Share Reserve Increased
- -----------------------


          On February 17, 1997, the Board of Directors of the Registrant, at a
duly called and convened meeting, approved the increase in the number of shares
of the Registrant's Common Stock which are reserved and authorized for future
issuance under the InterTAN, Inc. Stock Purchase Program from 2,200,000 to
4,450,000 (a reserve increase of 2,250,000 shares of Common Stock).

ITEM 4.       DESCRIPTION OF SECURITIES.

          Not applicable.

ITEM 5.       INTERESTS OF NAMED EXPERTS AND COUNSEL.

          The validity of the issuance of the Common Stock registered hereby
will be passed upon by David S. Goldberg, Esq.,Vice President, Secretary and
General Counsel of the Registrant.

ITEM 6.       INDEMNIFICATION OF DIRECTORS AND OFFICERS.

          The Registrant is incorporated in the State of Delaware.
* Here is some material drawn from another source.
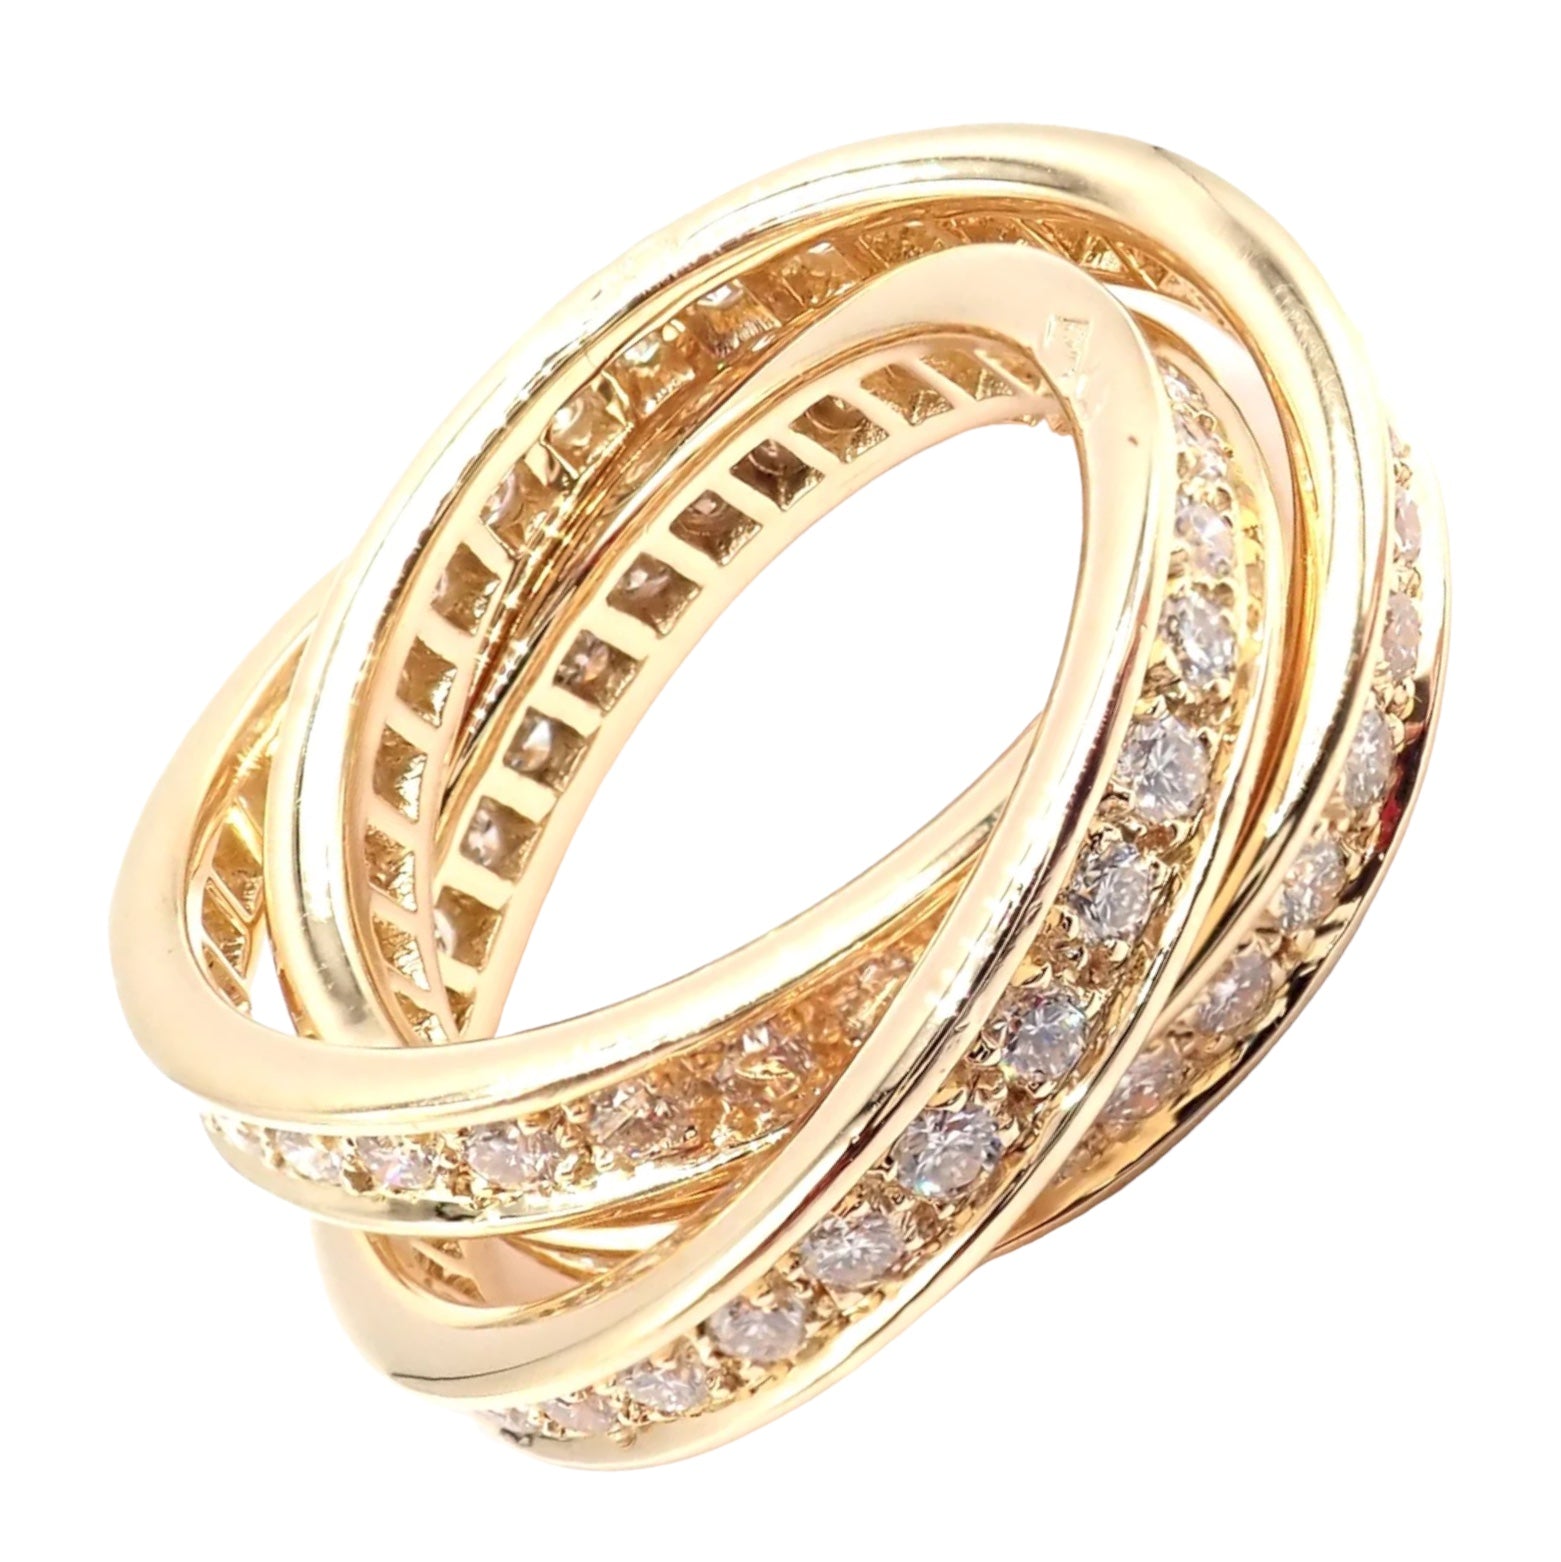 Authentic! Cartier 18k Yellow Gold Diamond Trinity Band Ring Size 5 3/4 Paper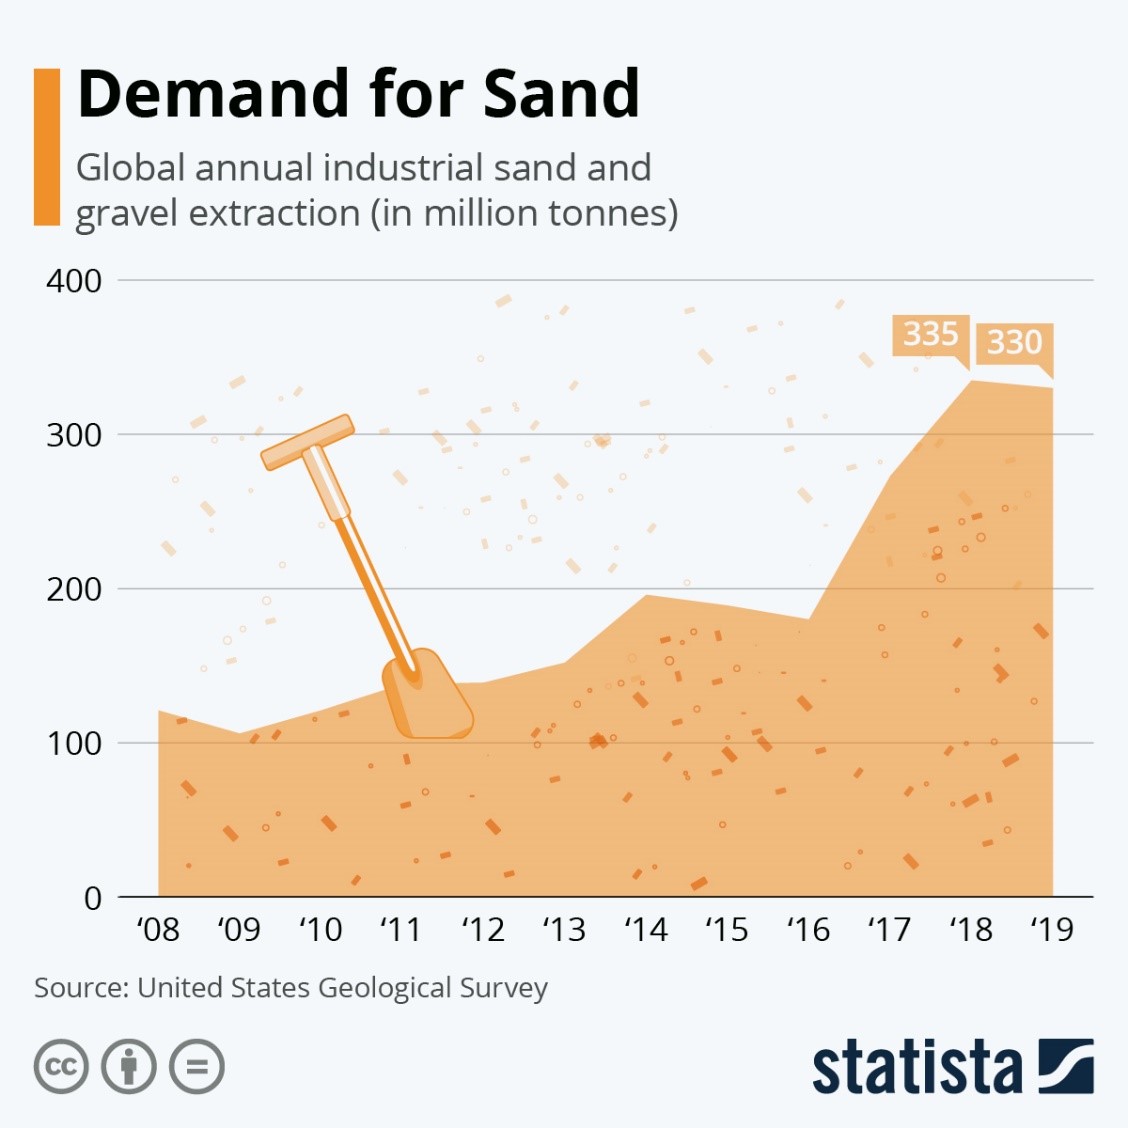 demand for sand is rather high

Under Section
145 of the Delaware General Corporation Law (the "DGCL"), a Delaware corporation
has the power, under specified circumstances, to indemnify its directors,
officers, employees and agents in connection with actions, suits or proceedings
brought against them by a third party or in the right of the corporation, by
reason of the fact that they were or are such directors, officers, employees or
agents, against expenses and liabilities incurred in any such action, suit or
proceedings so long as they acted in good faith and in a manner that they
reasonably believed to be in, or not opposed to, the best interests of such
corporation, and, with respect to any criminal action, so long as they had no
reasonable cause to believe their conduct was unlawful. With respect to suits by
or in the right of such corporation, however, indemnification is generally
limited to attorneys' fees and other expenses and is not available if such
person is adjudged to be liable to such corporation unless the court determines
that indemnification is appropriate. Article XIV of the Registrant's Amended and
Restated Bylaws provides for mandatory indemnification of directors and officers
to the fullest extent permitted by Section 145 of the DGCL.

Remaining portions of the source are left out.